Che Forze dell’Ordine e Magistratura (più che il Governo, in realtà, cui va il “merito”, semmai, dei discutibili tagli indiscriminati al reparto Sicurezza e del clima di aperto conflitto generatosi con la Magistratura…) abbiano inferto “durissimi colpi” (sul piano della repressione) a Cosa nostra e alla Camorra in particolare è un “dato di fatto”, come tale inconfutabile.
Che questo dato sia sufficiente a parlare di “sconfitta delle mafie”, invece, è un giudizio tutt’altro che assodato… per non dire del tutto avventato!

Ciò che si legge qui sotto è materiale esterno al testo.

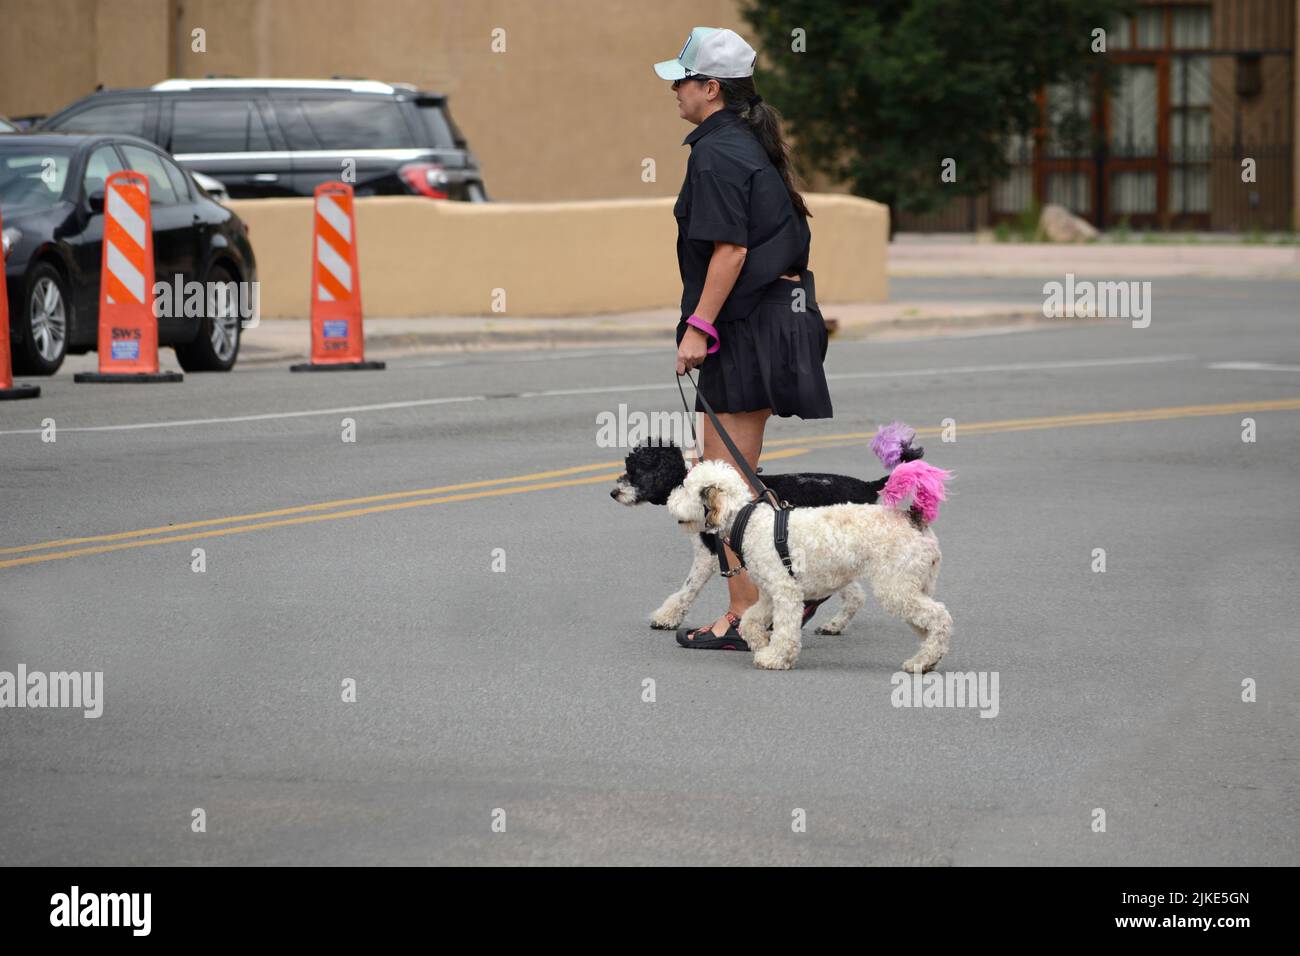 A woman crosses a street with her two pet dogs with colored tails in Santa Fe, New Mexico. Stock Photo
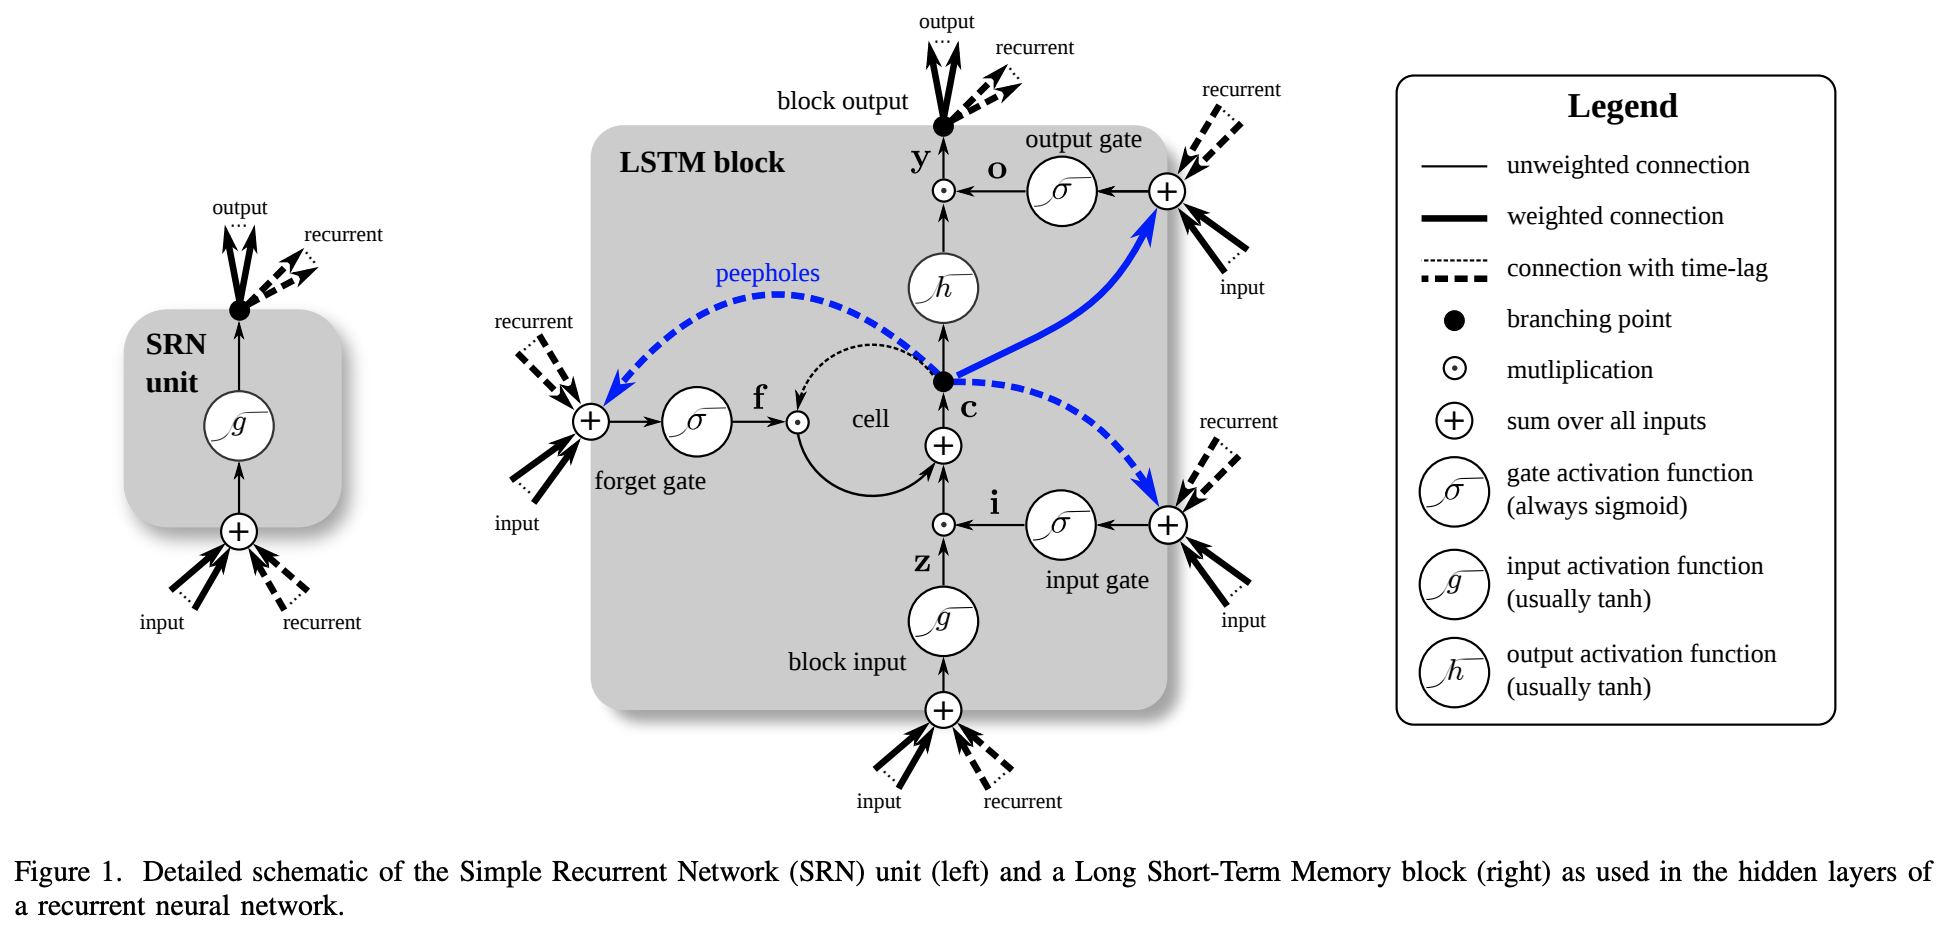 RNN and LSTM compared

Le mafie non sono soltanto un “fenomeno criminale” (se così fosse, del resto, non sarebbero facilmente distinguibili dalla semplice criminalità comune…).
Cosa nostra, la Camorra e la N’drangheta, piuttosto, rappresentano anche un fenomeno di diffuso “malcostume sociale”:
I-si annidano tra i “silenzi omertosi” della gente (il pentitismo o il collaborazionismo, ad esempio, sono fenomeni quasi del tutto sconosciuti in Calabria!);
II-trovano “protezioni eccellenti” nel mondo politico-istituzionale (l’arresto, lo scorso febbraio, di Nicola Di Girolamo, senatore del Pdl eletto nella circoscrizione estero Europa coi voti della Camorra, è emblematico…);
III-e sanno ritagliarsi con facilità (ed evidenti complicità degli amministratori locali) sempre nuovi spazi nel mercato per il riciclaggio del denaro sporco frutto di attività illecite, di fatto “drogando” l’economia (molti hanno denunciato, ad esempio, forti pericoli d’infiltrazione mafiosa negli appalti relativi al Ponte sullo Stretto, all’Expo di Milano e alla Tac della Val di Susa).
Ciò spiega perché la repressione è un’arma “indispensabile” ma “insufficiente” per puntare al “grande malloppo”: l’obiettivo ambizioso di sconfiggere una volta per tutte le potenti organizzazioni criminali che controllano il territorio, corrompono la politica e condizionano la nostra economia!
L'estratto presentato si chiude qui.